Archive for the The Dinner Table Category

What Sarah Should Have Said to Katie

Posted in The Dinner Table on October 29, 2008 by dvcmann

In this last terrible week of this presidential campaign, the one everybody keeps calling “historic”, it’s getting difficult to keep side-stepping all of the political poo piles that litter our daily lives, but this one in particular may go down as the defining moment of the Republican ticket ’08.  Warning:  It’s painful to watch.

Saracuda Vs. Perky

Anchorwoman Katie Couric’s “pop quiz” interview administered to Republican VP candidate Sarah Palin on network television completely tanked the momentum Palin had brought to the McCain campaign.  Up to that point, John McCain’s surprise choice for Vice Presidential running mate had whipped up the conservative base of the Republican Party almost to the point of speaking in tongues.  The religious right had their creationist and pro-lifer, so called fiscal conservatives had their reformer, and on top of all that she was, well…hot.  Nothing gets those family values types going like the naughty librarian look.  Suddenly the McCain thing wasn’t looking quite as sickly as it had only a few weeks before.
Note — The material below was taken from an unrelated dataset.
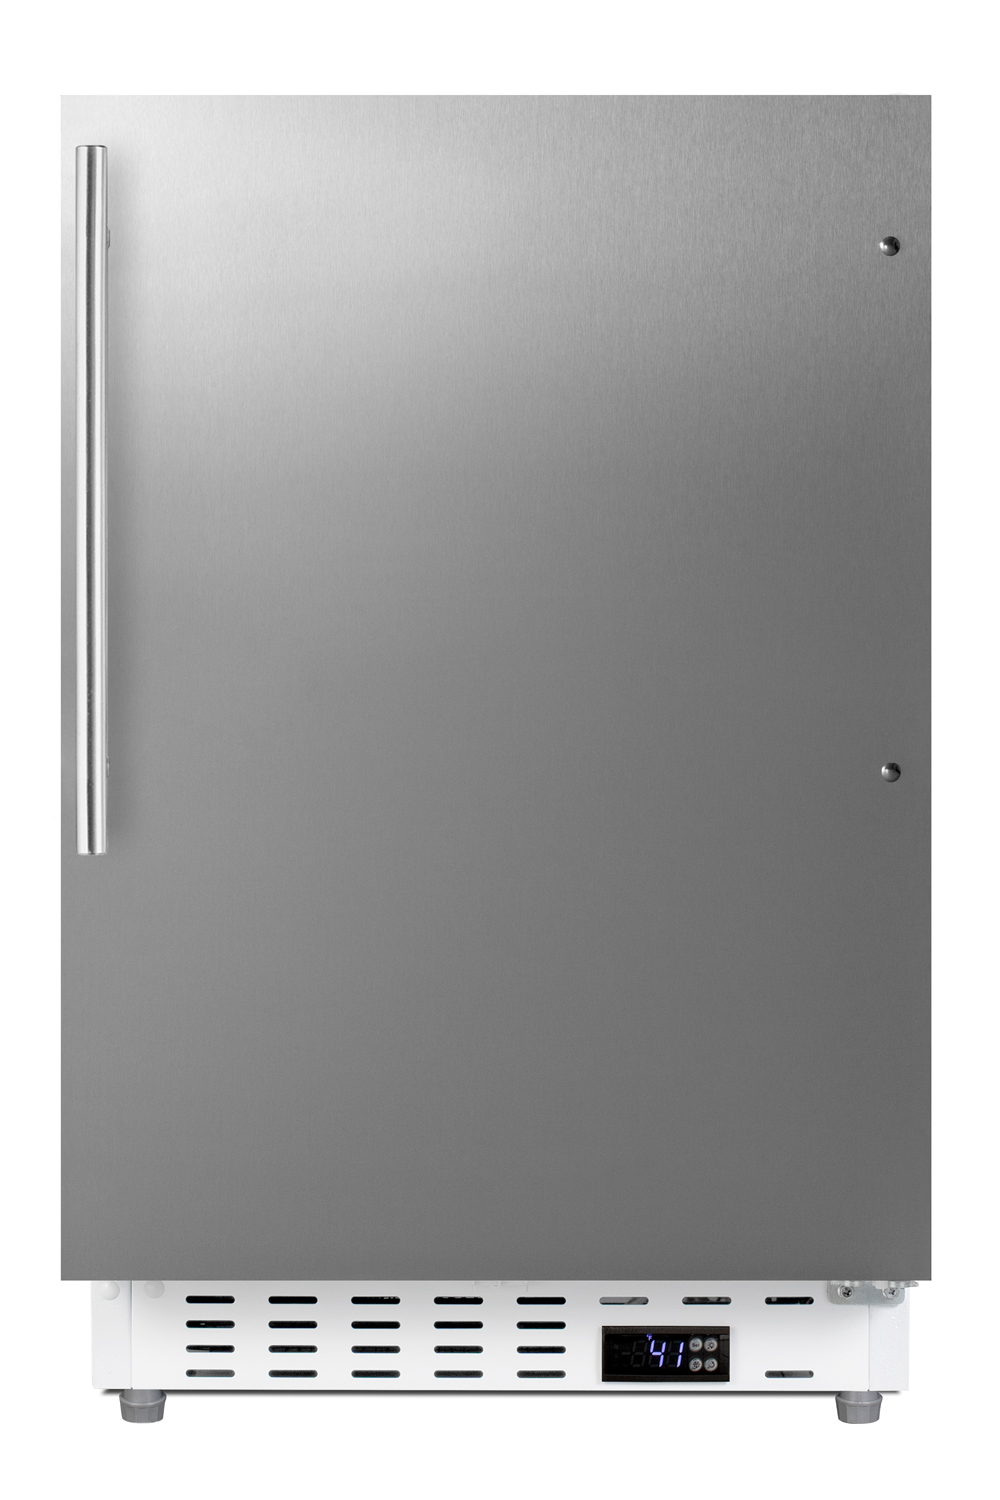 Summit 21" Wide Built-In All-Refrigerator, ADA Compliant

For their part, Democrats, or more importantly their proxy attack dogs in the net-root community, were loading up everything they had and taking square aim at the former beauty queen from Alaska.  She faked pregnancies.  She banned books.  She abused her power.  She was racist, an insult to feminism, and she was cruel to animals to boot.  To them, the mere fact that she wasn’t Joe Liberman was evidence enough that McCain pandered.  In spite of all this Palin had weathered the storm fairly well up to that point, until it was time to do the networks.

First crack was given to ABC’s Charlie Gibson who drew first blood when Palin couldn’t explain her stance on the Bush Doctrine.  In fact, it looked like she didn’t know what the Bush Doctrine was.  It turns out she’s not alone.  However, the recent Democratic primary race with Hillary Clinton had raised issues of sexism in politics and with all the journalistic posturing Gibson came across as a bully.  Those sympathies helped Sarah live to fight another day.  Unfortunately, her next big network appearance was with NBC’s Katie Couric, and it was going to be hard to paint Couric as a sexist.
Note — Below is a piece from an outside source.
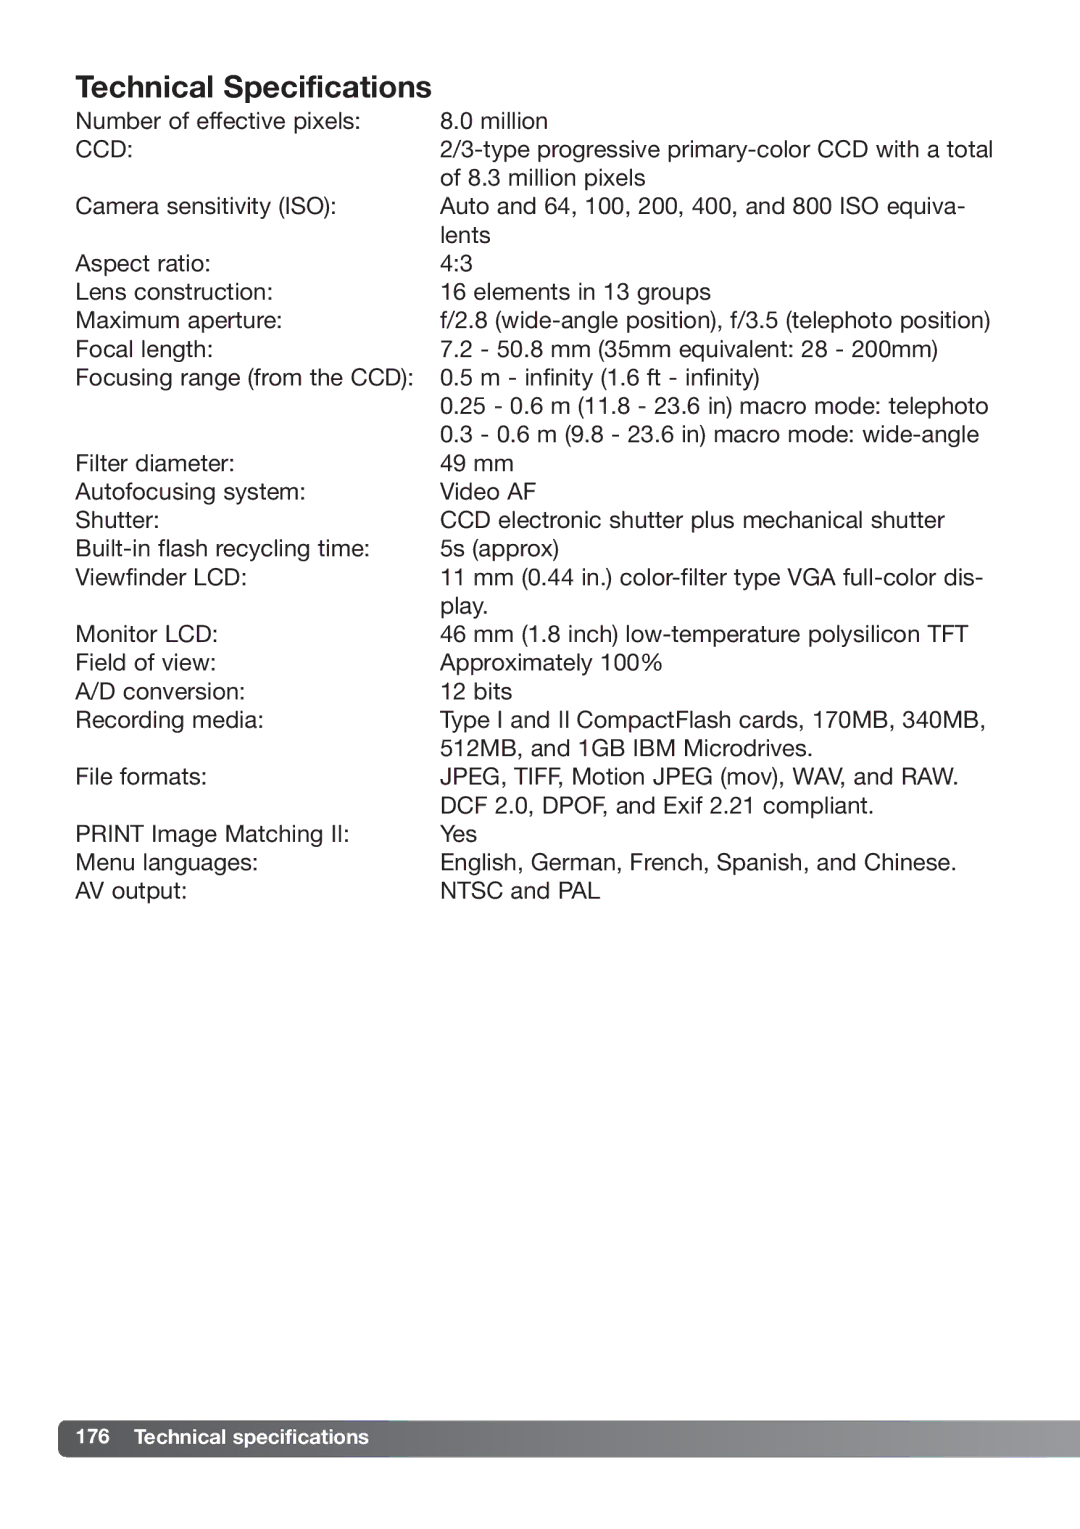 Konica Minolta DiMAGE_A2 instruction manual Technical Specifications, Technical specifications

The interview, taped and then aired over the period of a week on network TV, was described as “water torture” by some in the McCain camp – and they know torture.  When Palin settled into her standard talking points routine describing her disapproval of Roe V. Wade, the 1973 landmark Supreme Court decision legalizing abortion, Couric pounced, asking the Governor what other Supreme Court decisions she disagreed with.  When Palin attempted to skirt the question with more rhetoric, Couric didn’t let go.  The answer provided was basically, ‘I’ll have to go look something up on Google and get back to you.’
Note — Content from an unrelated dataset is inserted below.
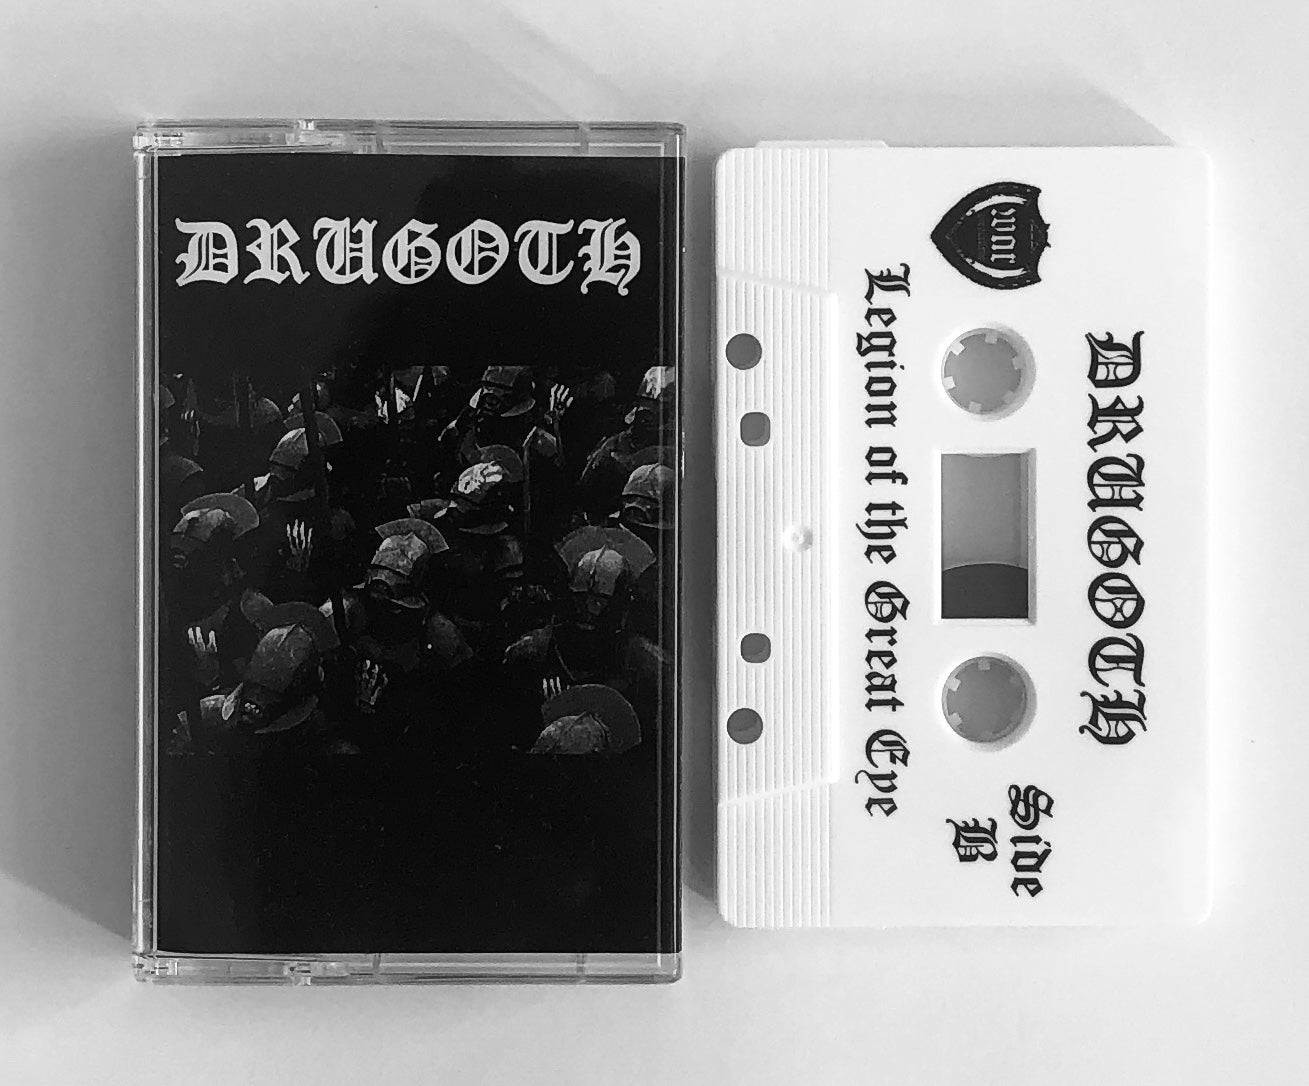 Drugoth (Oz) "Legion of the Great Eye" - Pro Tape

Most people didn’t even see the actual interview but the damage was done.  The result was a candidate that looked like the bubble-headed faker the left so desperately wanted her to be and a boon to Saturday Night Live’s dreadful ratings.  It sucked the oxygen out of the Republican ticket and has allowed their rivals to maintain a narrow lead in the polls.

Here are a few SCOTUS cases that Sarah Palin should have mentioned in that interview – because they stink:

Dred Scott V. Sanford (1857) — In this case the court found that southern slaves were not citizens and had no rights under the Constitution.  And just for good measure, in their decision, Chief Justice Roger B. Taney and the southern majority declared that the Congress had no right to ban slavery.  Assholes.

Plessy V. Ferguson (1896) — Established the “separate but equal” doctrine.  To his credit, one justice, John Marshall Harlan, dissented stating in his opinion that “The thin disguise of ‘equal’ accommodations…will not mislead anyone.” but it was enough to allow Jim Crow laws to restrict the rights of US citizens for a century after the abolition of slavery.

and on the flip side of that coin is:

Grutter V. Bollinger (2003) — Upheld the University of Michigan’s policy of considering race as a part of its admissions process despite previous court rulings that limited affirmative action.

Had Palin cited that one alone it would have triggered a mass orgasm in the conservative community, or at least the closest thing they can have to one.  And if that wasn’t enough:

Kelo V. City of New London (2005) — This case allowed the city of New London, Connecticut to take property from one private party, i.e. poor people who can’t afford lawyers, and give it to another private party, see rich developers FTW, using the government’s power of Eminent Domain and condemnation.

If it turns out that the race for President finishes as closely as it seems it might, then it all may come down to the missed opportunity to bring up any one of these cases.  There are certainly others in the court’s two century existence, but this would have at least kept Ms. Couric at bay, that is until she asked the governor how a bill becomes law.